INPUT DATA
- - -

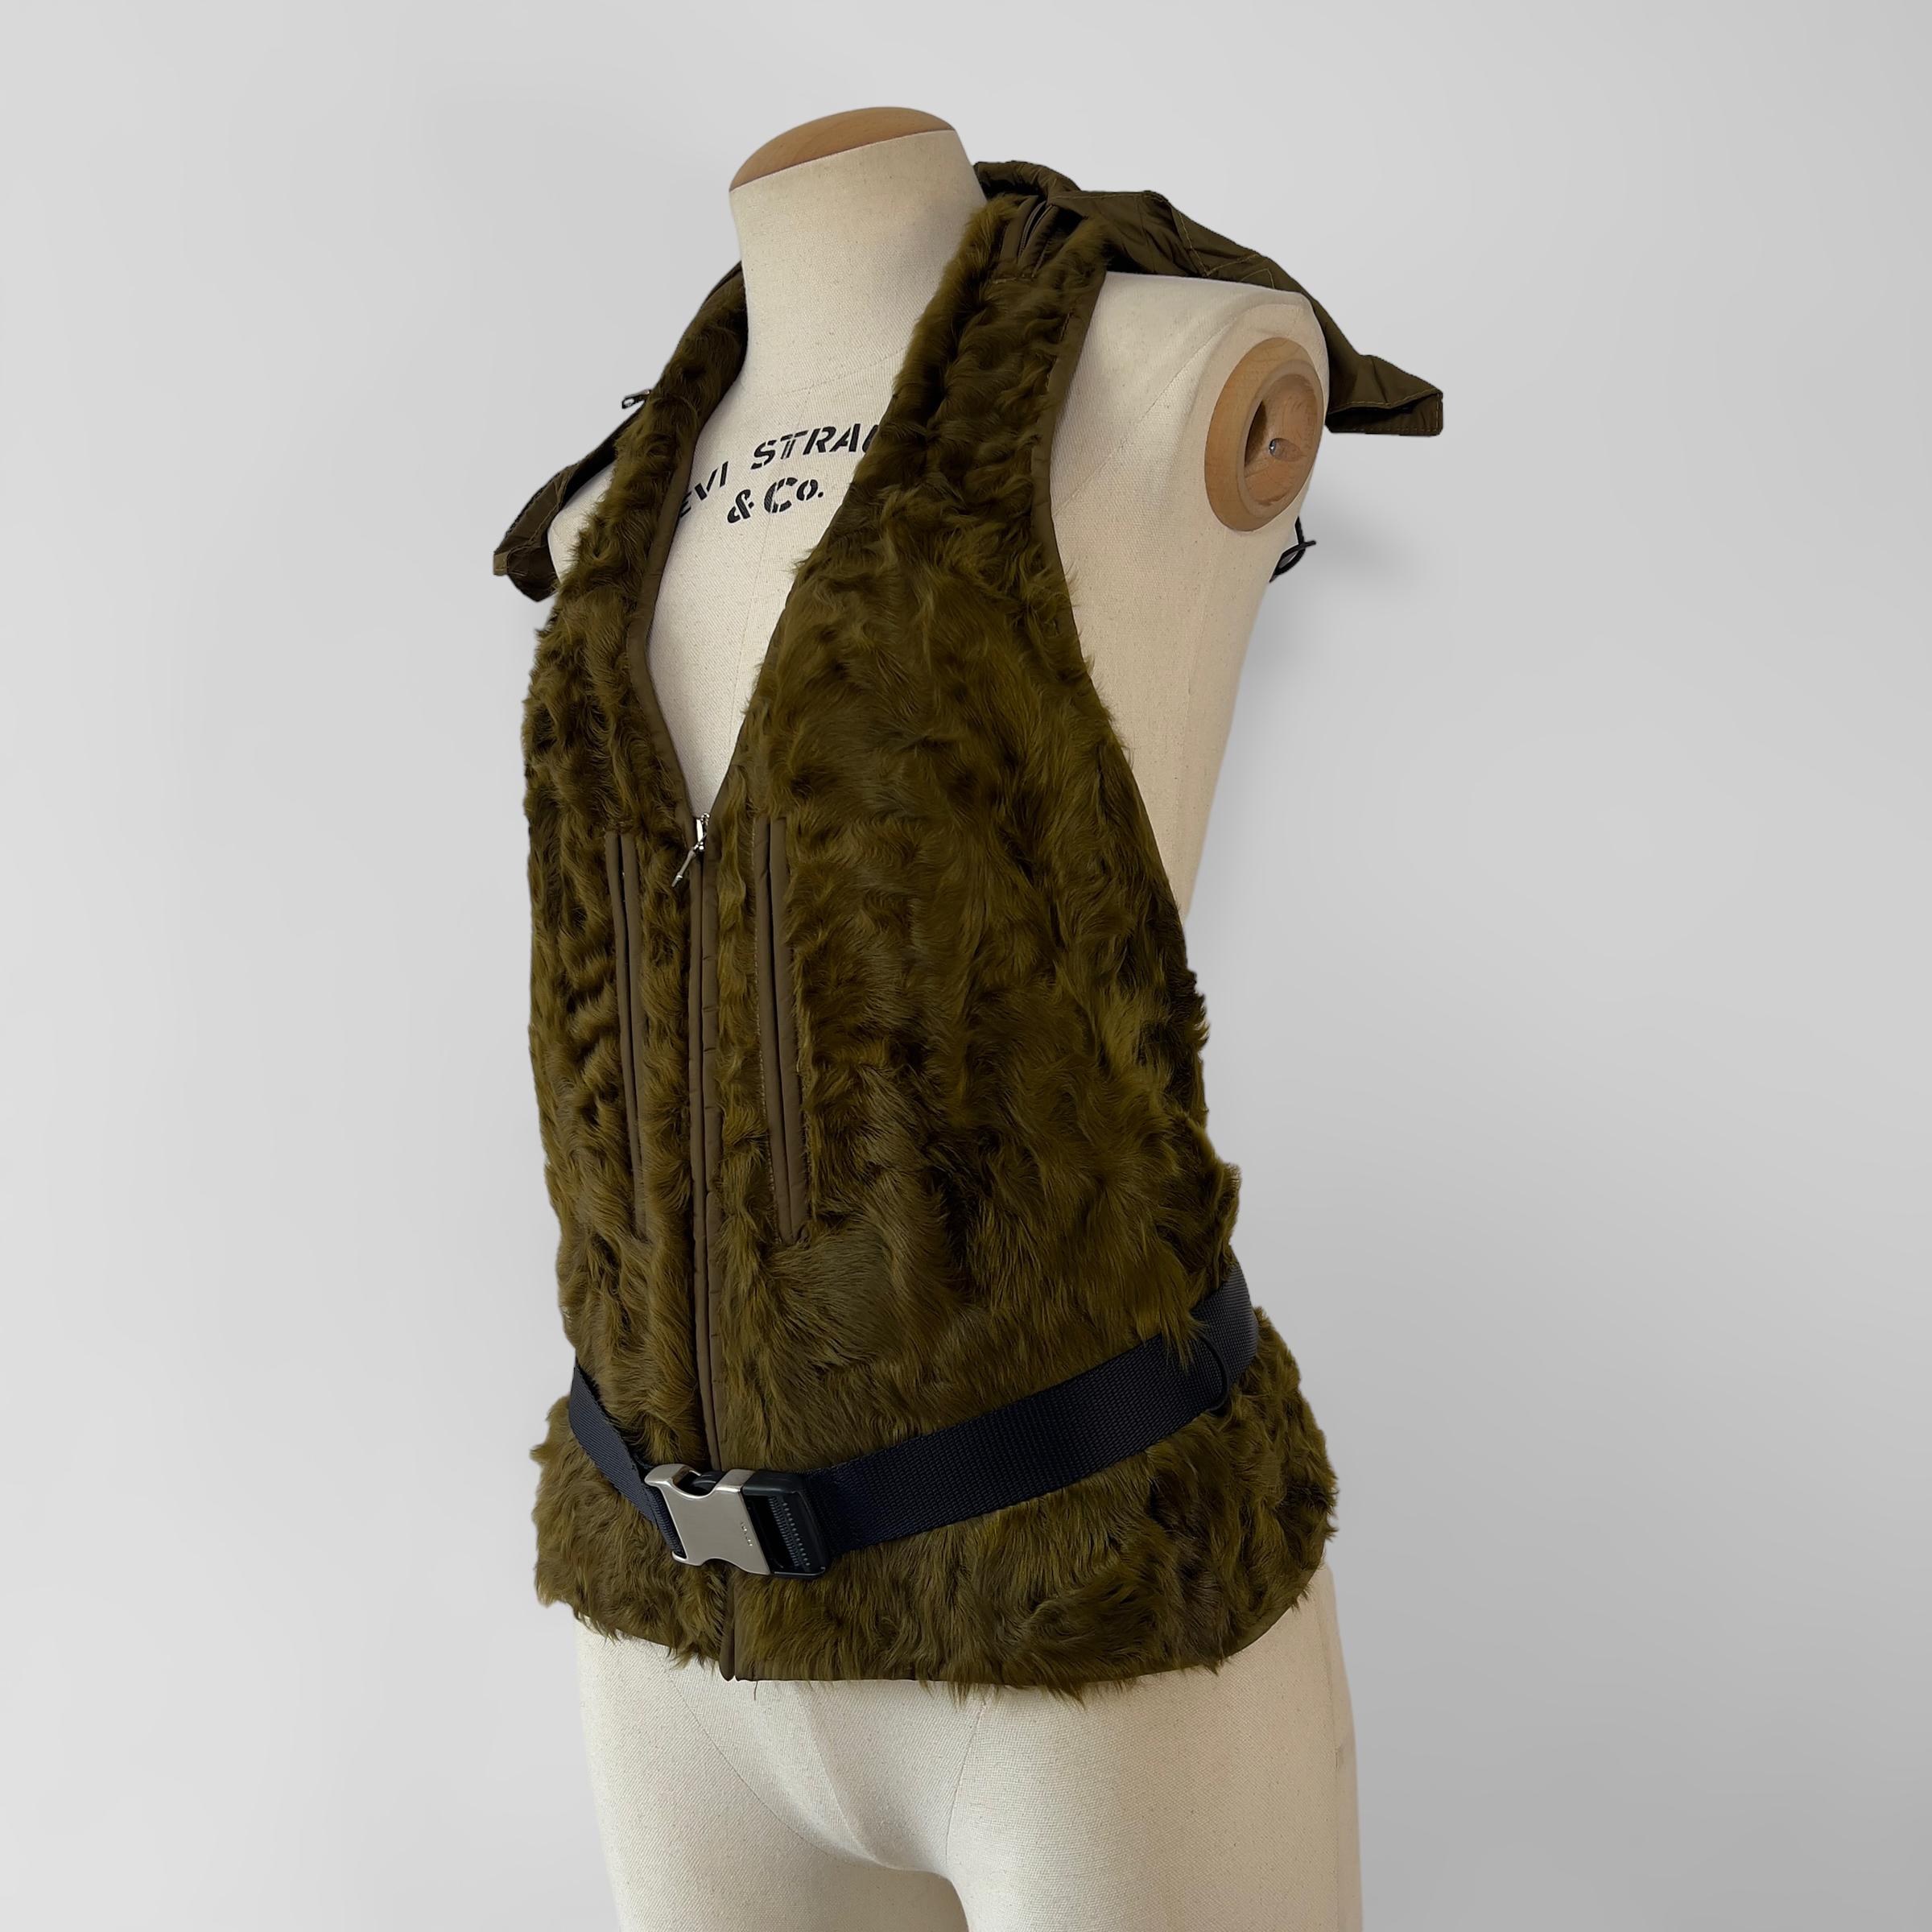 Vintage Prada runway lamb backless waistcoat with nylon buckle belt and nylon hood.  Fall-Winter 1999

Size: IT 42.

`Condition: very good with minimal to no fur loss.

- - -

WHAT TO PRODUCE
Your answer should copy the listing word for word, with no pictures in it.

EXPECTED OUTPUT
 Vintage Prada runway lamb backless waistcoat with nylon buckle belt and nylon hood.  Fall-Winter 1999

Size: IT 42.

`Condition: very good with minimal to no fur loss.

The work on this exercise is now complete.